Program in Molecular Medicine, University of Maryland School of Medicine, Baltimore, Maryland 21201, USA.
Institute for Genome Sciences, University of Maryland School of Medicine, Baltimore, Maryland 21201, USA.
Genome Res. 2017 Nov;27(11):1916-1929. doi: 10.1101/gr.218032.116. Epub 2017 Aug 30.
Mobile element insertions (MEIs) represent ∼25% of all structural variants in human genomes. Moreover, when they disrupt genes, MEIs can influence human traits and diseases. Therefore, MEIs should be fully discovered along with other forms of genetic variation in whole genome sequencing (WGS) projects involving population genetics, human diseases, and clinical genomics. Here, we describe the Mobile Element Locator Tool (MELT), which was developed as part of the 1000 Genomes Project to perform MEI discovery on a population scale. Using both Illumina WGS data and simulations, we demonstrate that MELT outperforms existing MEI discovery tools in terms of speed, scalability, specificity, and sensitivity, while also detecting a broader spectrum of MEI-associated features. Several run modes were developed to perform MEI discovery on local and cloud systems. In addition to using MELT to discover MEIs in modern humans as part of the 1000 Genomes Project, we also used it to discover MEIs in chimpanzees and ancient (Neanderthal and Denisovan) hominids. We detected diverse patterns of MEI stratification across these populations that likely were caused by (1) diverse rates of MEI production from source elements, (2) diverse patterns of MEI inheritance, and (3) the introgression of ancient MEIs into modern human genomes. Overall, our study provides the most comprehensive map of MEIs to date spanning chimpanzees, ancient hominids, and modern humans and reveals new aspects of MEI biology in these lineages. We also demonstrate that MELT is a robust platform for MEI discovery and analysis in a variety of experimental settings.

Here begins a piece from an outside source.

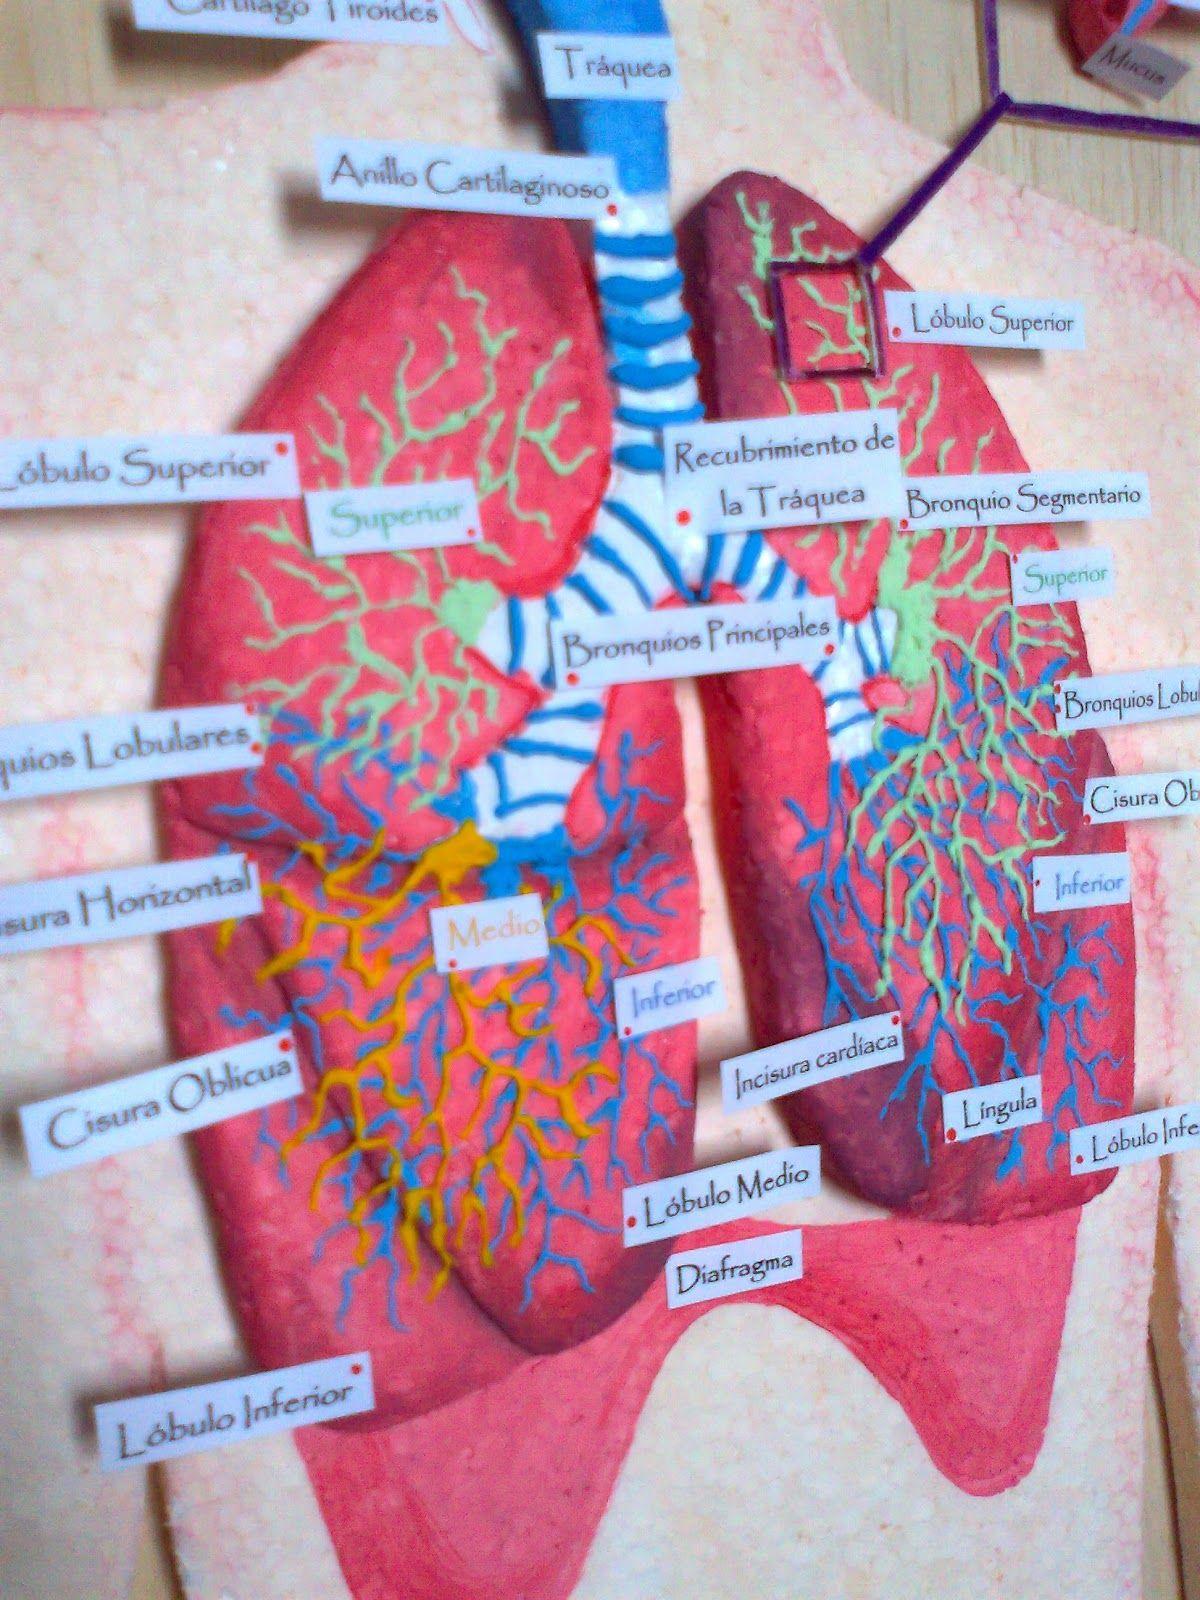 Maquetas Y Arte Aparato Respiratorio Maqueta Del Sistema Respiratorio Maqueta Del Aparato Respiratorio Maqueta Del Sistema Digestivo

移动元件插入(MEI)代表人类基因组中所有结构变异的约 25%。此外,当它们扰乱基因时,MEI 会影响人类特征和疾病。因此,在涉及人群遗传学、人类疾病和临床基因组学的全基因组测序(WGS)项目中,应该与其他形式的遗传变异一起充分发现 MEI。在这里,我们描述了移动元件定位工具(MELT),它是作为 1000 基因组计划的一部分开发的,用于在人群规模上进行 MEI 发现。使用 Illumina WGS 数据和模拟,我们证明 MELT 在速度、可扩展性、特异性和敏感性方面优于现有的 MEI 发现工具,同时还检测到更广泛的 MEI 相关特征。开发了几种运行模式来在本地和云系统上执行 MEI 发现。除了在 1000 基因组计划中使用 MELT 发现现代人中的 MEI 之外,我们还使用它发现了黑猩猩和古(尼安德特人和丹尼索万人)人类中的 MEI。我们在这些人群中检测到了 MEI 分层的各种模式,这些模式可能是由(1)来源元素产生 MEI 的不同速率,(2)MEI 遗传的不同模式,以及(3)古 MEI 向现代人类基因组的渗透引起的。总体而言,我们的研究提供了迄今为止最全面的 MEI 图谱,涵盖了黑猩猩、古人类和现代人,并揭示了这些谱系中 MEI 生物学的新方面。我们还证明,MELT 是在各种实验环境中进行 MEI 发现和分析的强大平台。